Roy T wrote:cupcakesnake wrote:This is the kind of stat that's only interesting post-retirement. I don't care about legacy records of this type when a player is mid-career.
Mid career? Late stage career might describe it better. He has 2-3 good years left.
A good 2-3 years will mean a good 2-3 cracks at the conference finals if he has some health luck and the Sixers keep up their end of the bargain. Then there's the real late career, if he's lucky enough to be playing in some capacity in his mid/late 30s.
It could also not happen, and his career is looked at as a tragic one or a disappointment. I'm just fine with saving that discussion for when it happens rather than defining his career in this way before the final report card is in.
I thought the Sixers could have easily made the conference finals this year, despite all the bad luck that was their season.

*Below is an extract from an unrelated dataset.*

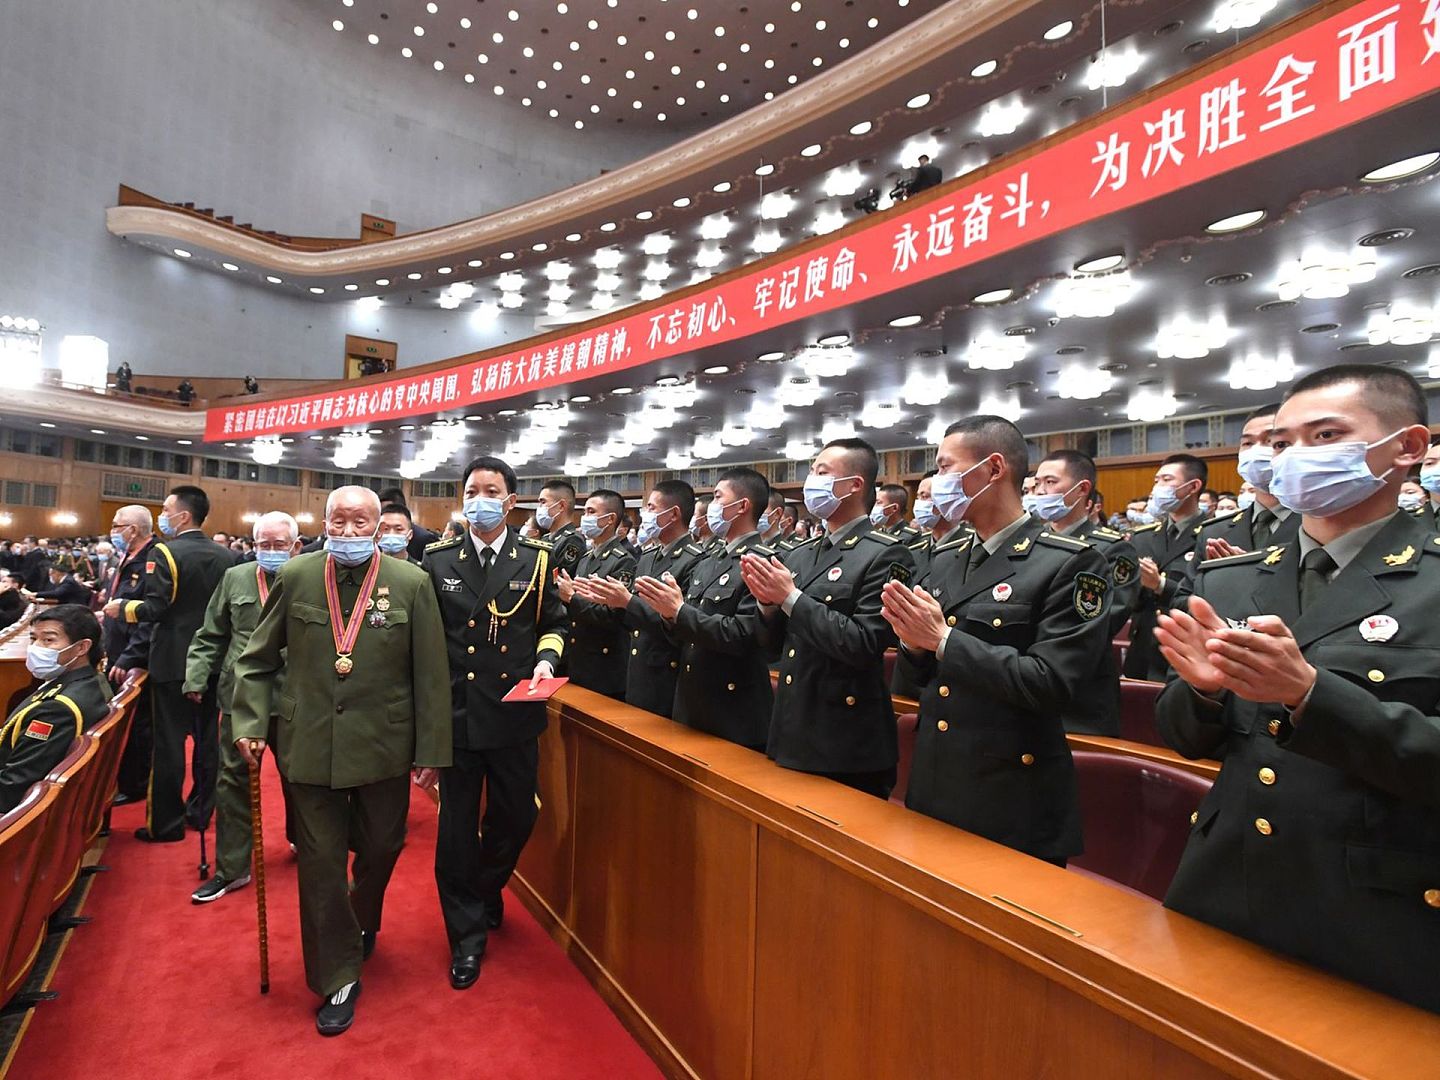 2020年10月23日，中国举办“纪念中国人民志愿军抗美援朝出国作战70周年大会”，习近平出席并发表重要讲话。此为大会开始前志愿军老兵入场的画面。（新华社）
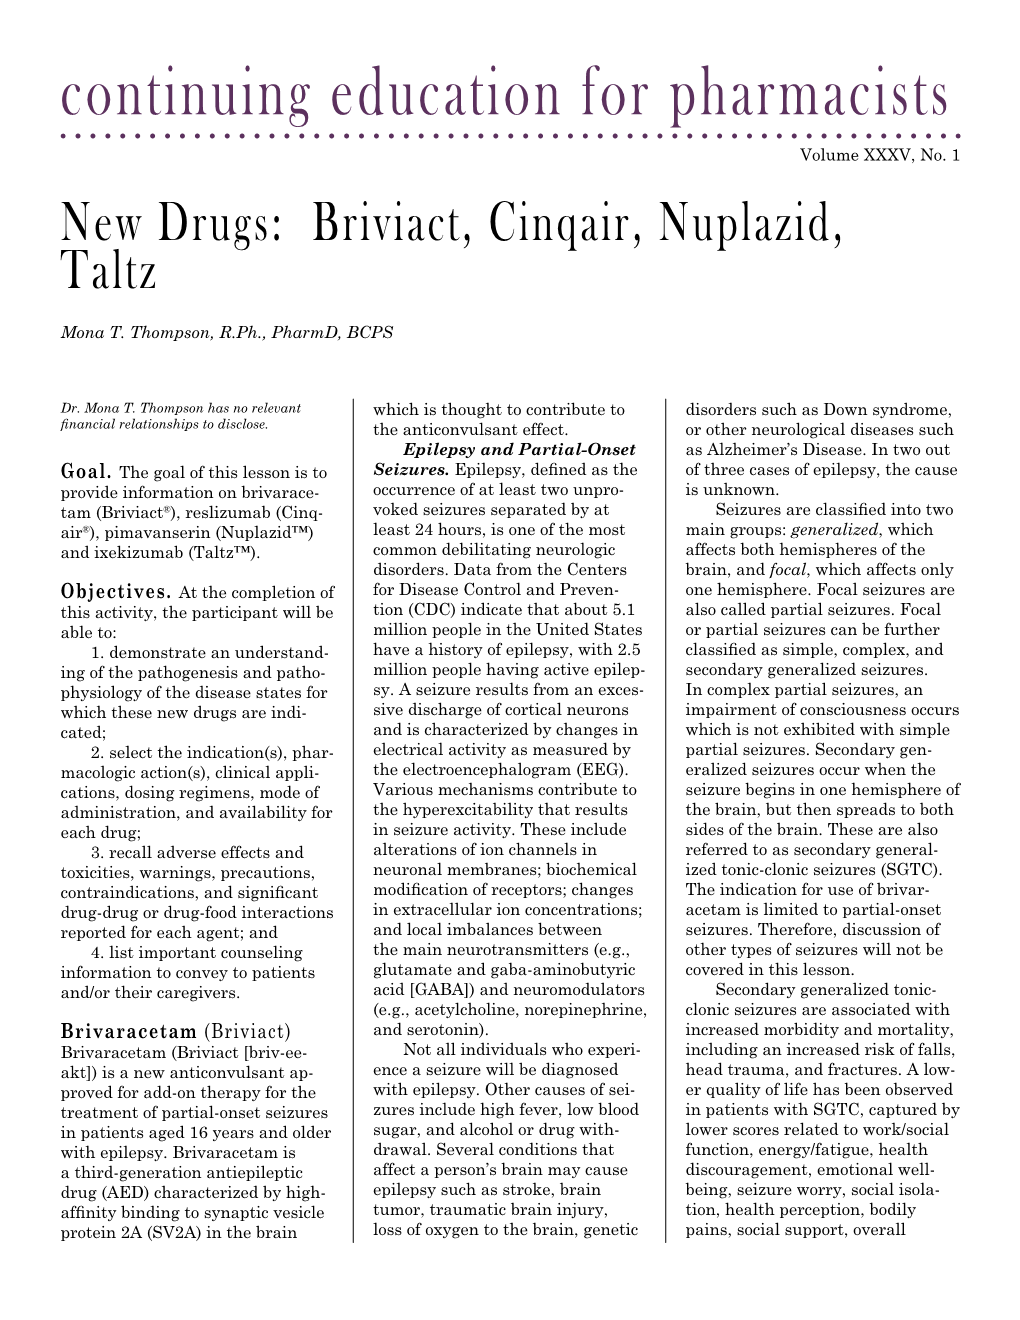 New Drugs: Briviact, Cinqair, Nuplazid, Taltz

The first round exit this year doesn't properly communicate how good Embiid is, or how good the Sixers were. When they were healthy, they were stomping people. They gave a very tough Knicks team a hell of a series despite having a decrepit Embiid, a starting point guard out with injury, and a severe lack of depth. I look forward to seeing what they do with their offseason.
I'm not an Embiid fan. Historically I've rooted against the Sixers. But I don't love seeing such bad luck during a player's prime career, and then see people grasping at every possible thing that drags them down.